### [Your goal]
The pictures in the data below are to be omitted; all else must be duplicated exactly.

*** Dataset extract Section Begins ***

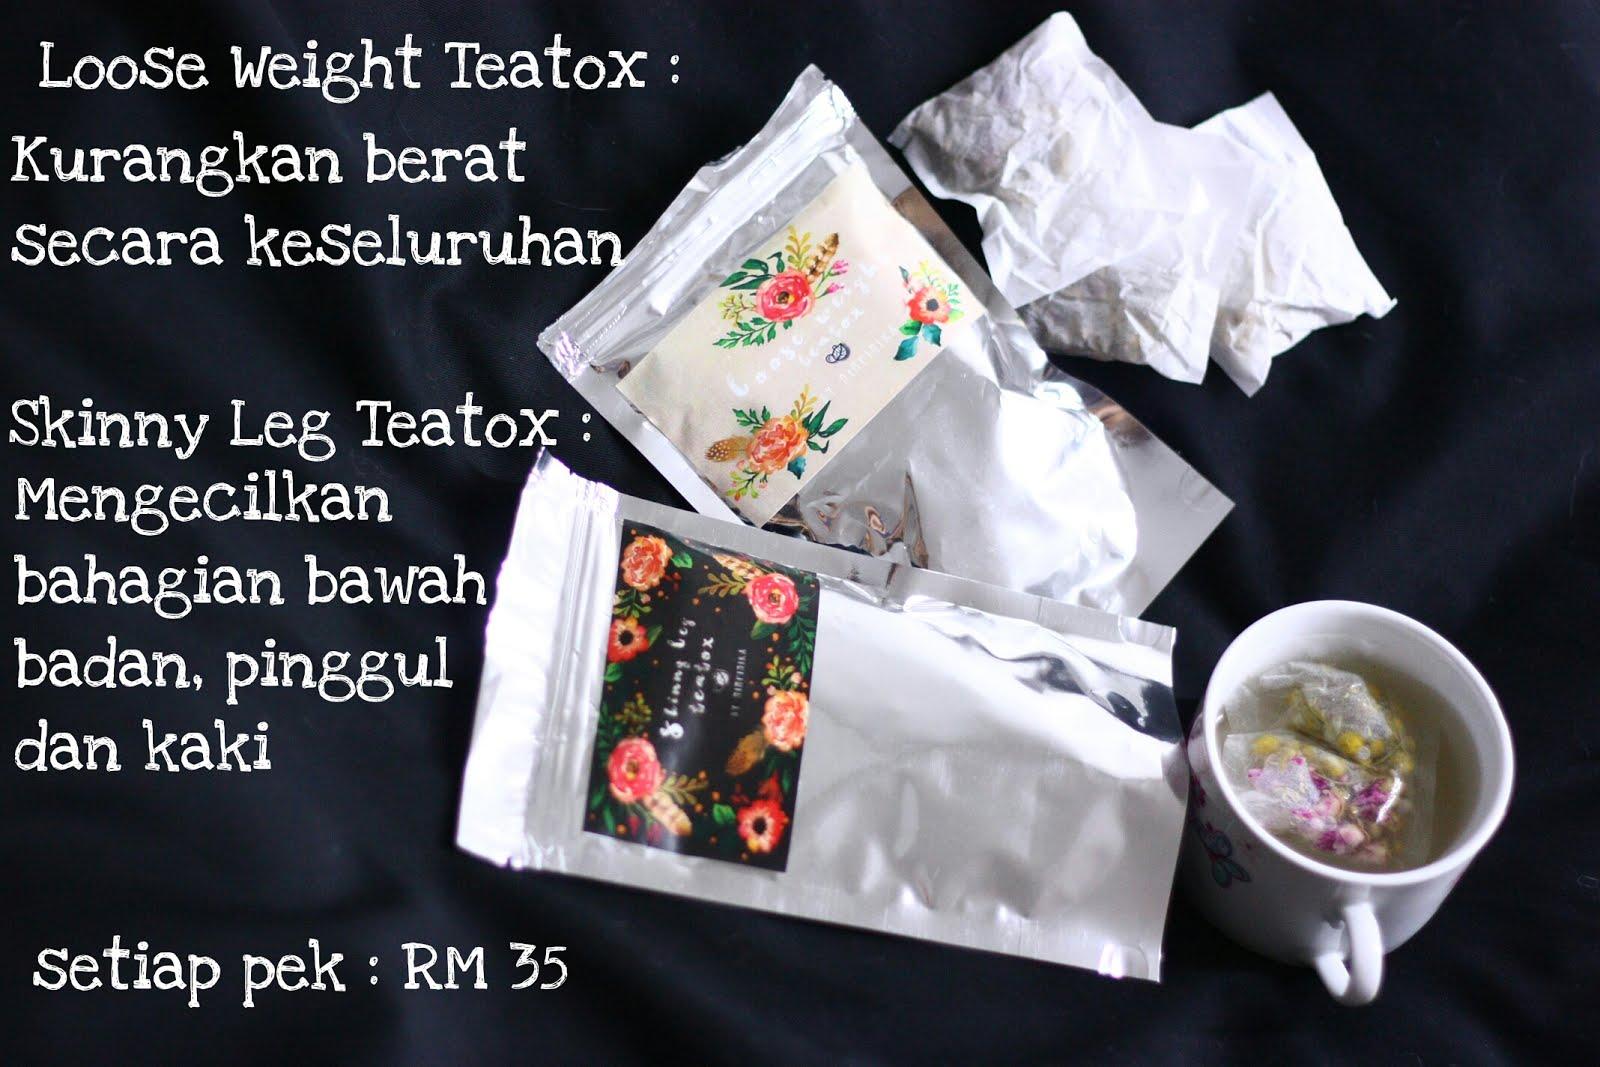 Iday Jual Teatox
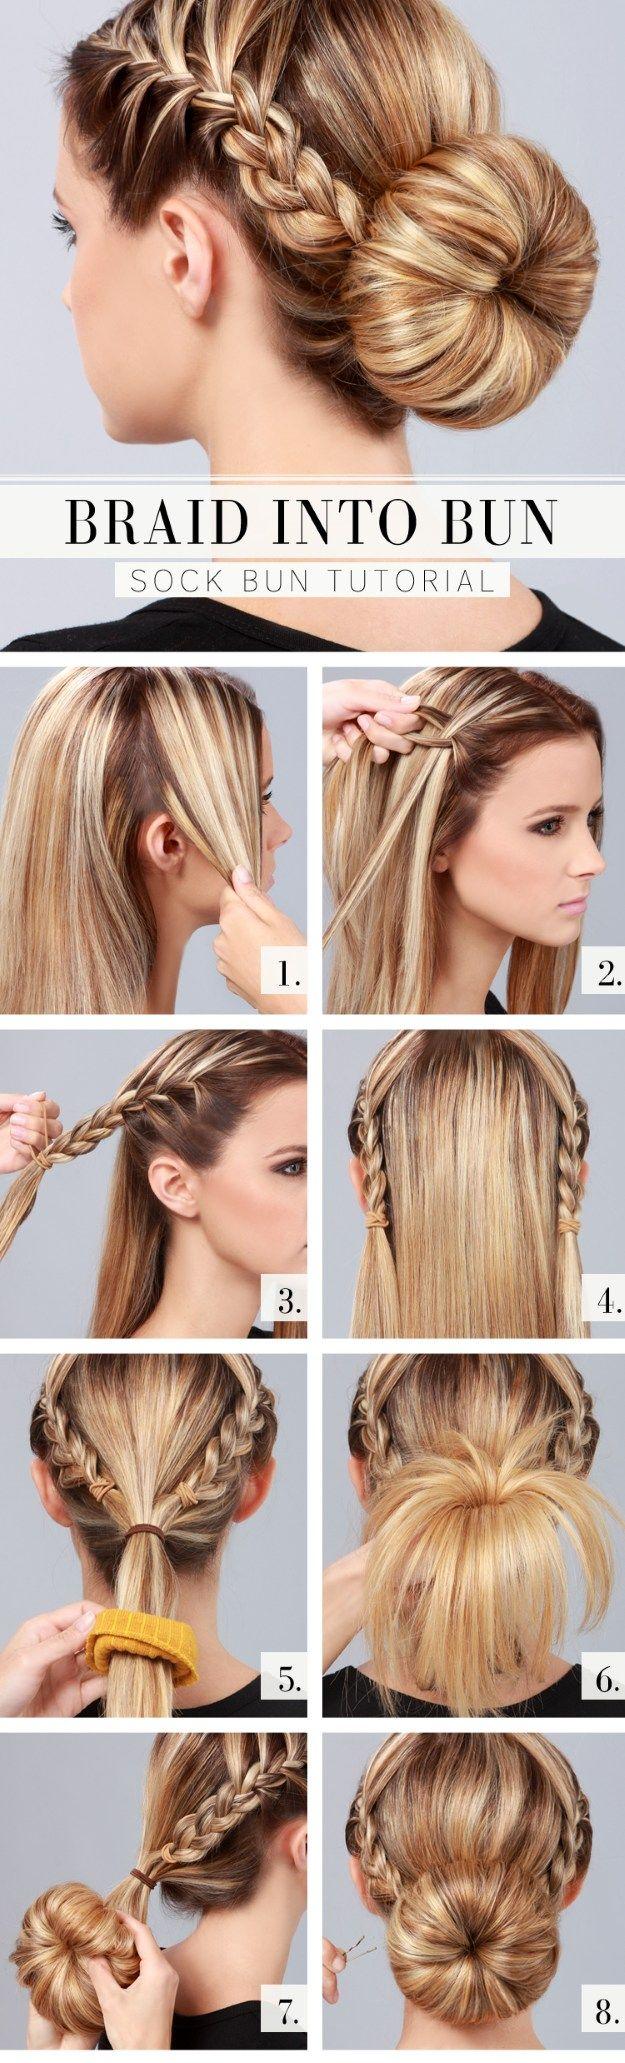 Braids and Bun Prom Hair Tutorial   Cute Hairstyles by Makeup Tutorials at  make...
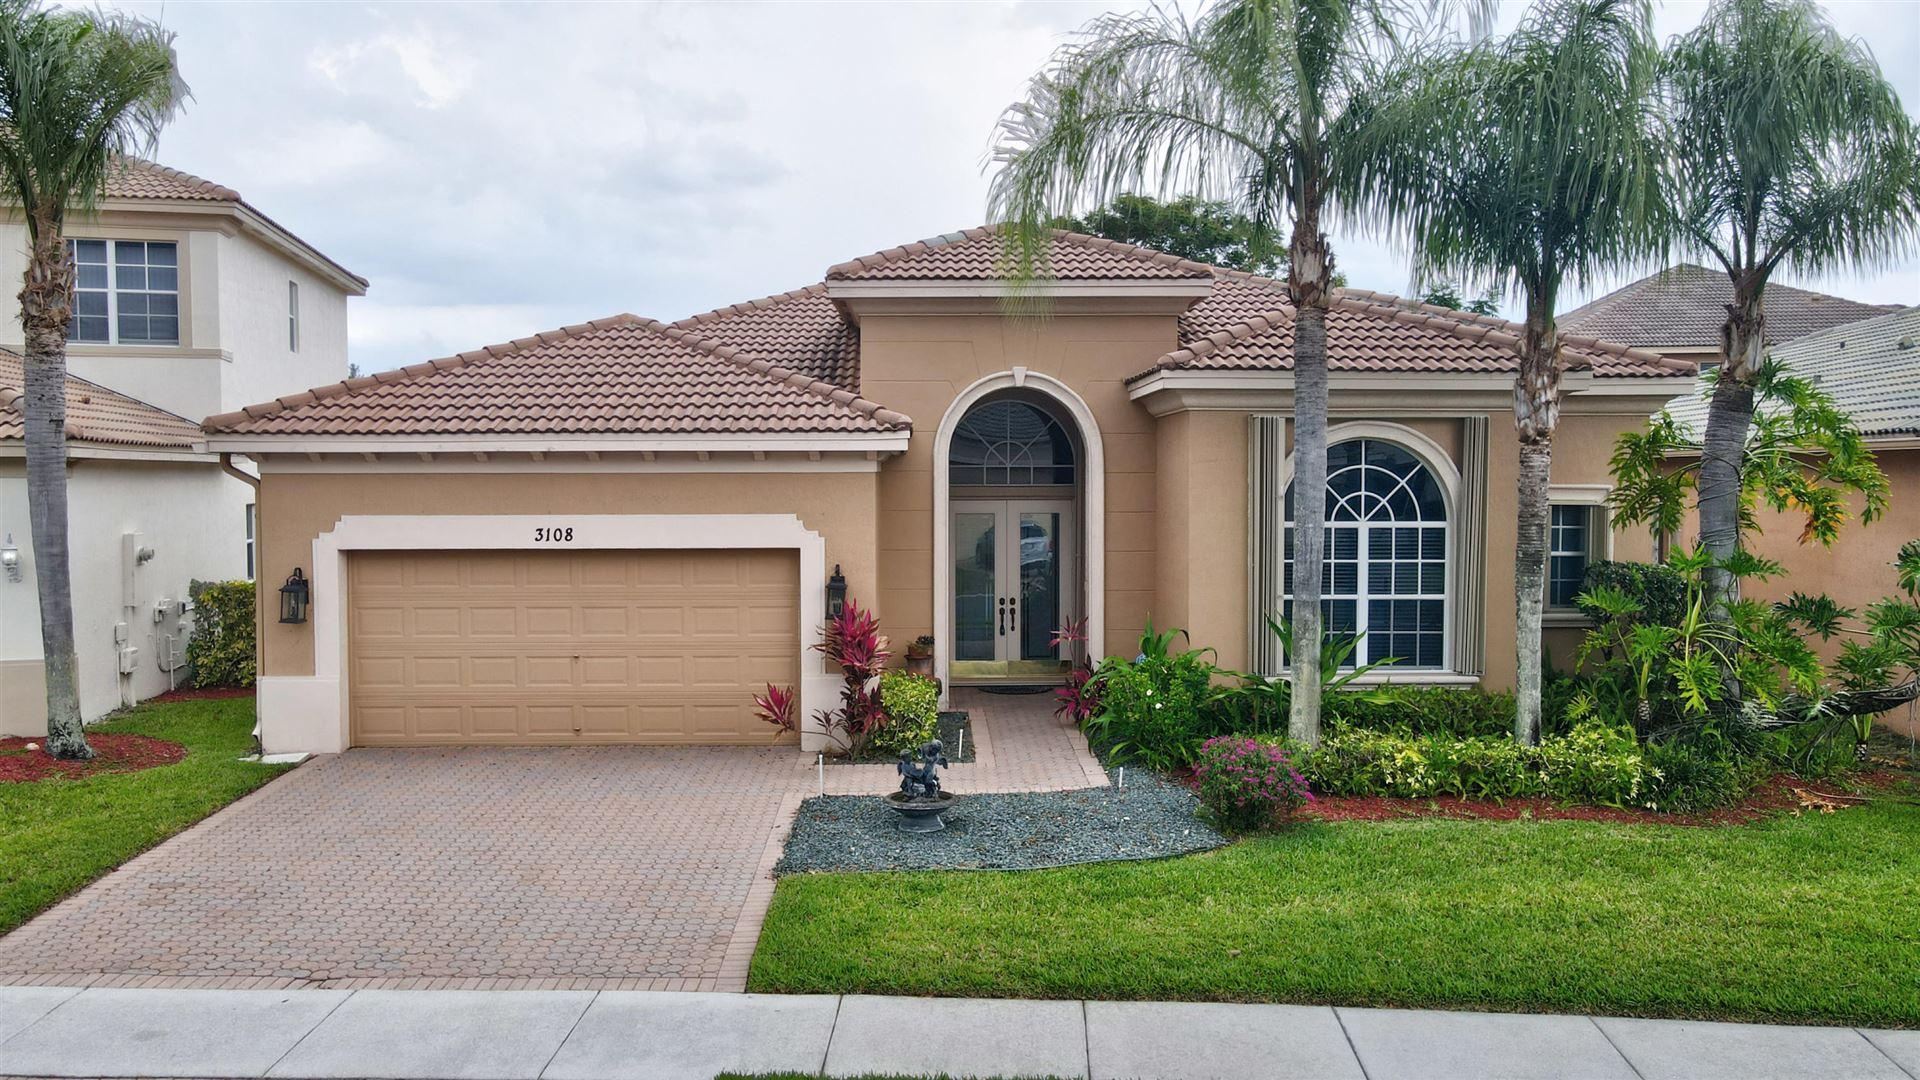 3108 Santa Margarita Road, West Palm Beach, FL 33411 - MLS#: RX-10712973

*** Dataset extract Section Ends ***

### [Output of the task]
 Iday Jual Teatox
 Braids and Bun Prom Hair Tutorial   Cute Hairstyles by Makeup Tutorials at  make...
 3108 Santa Margarita Road, West Palm Beach, FL 33411 - MLS#: RX-10712973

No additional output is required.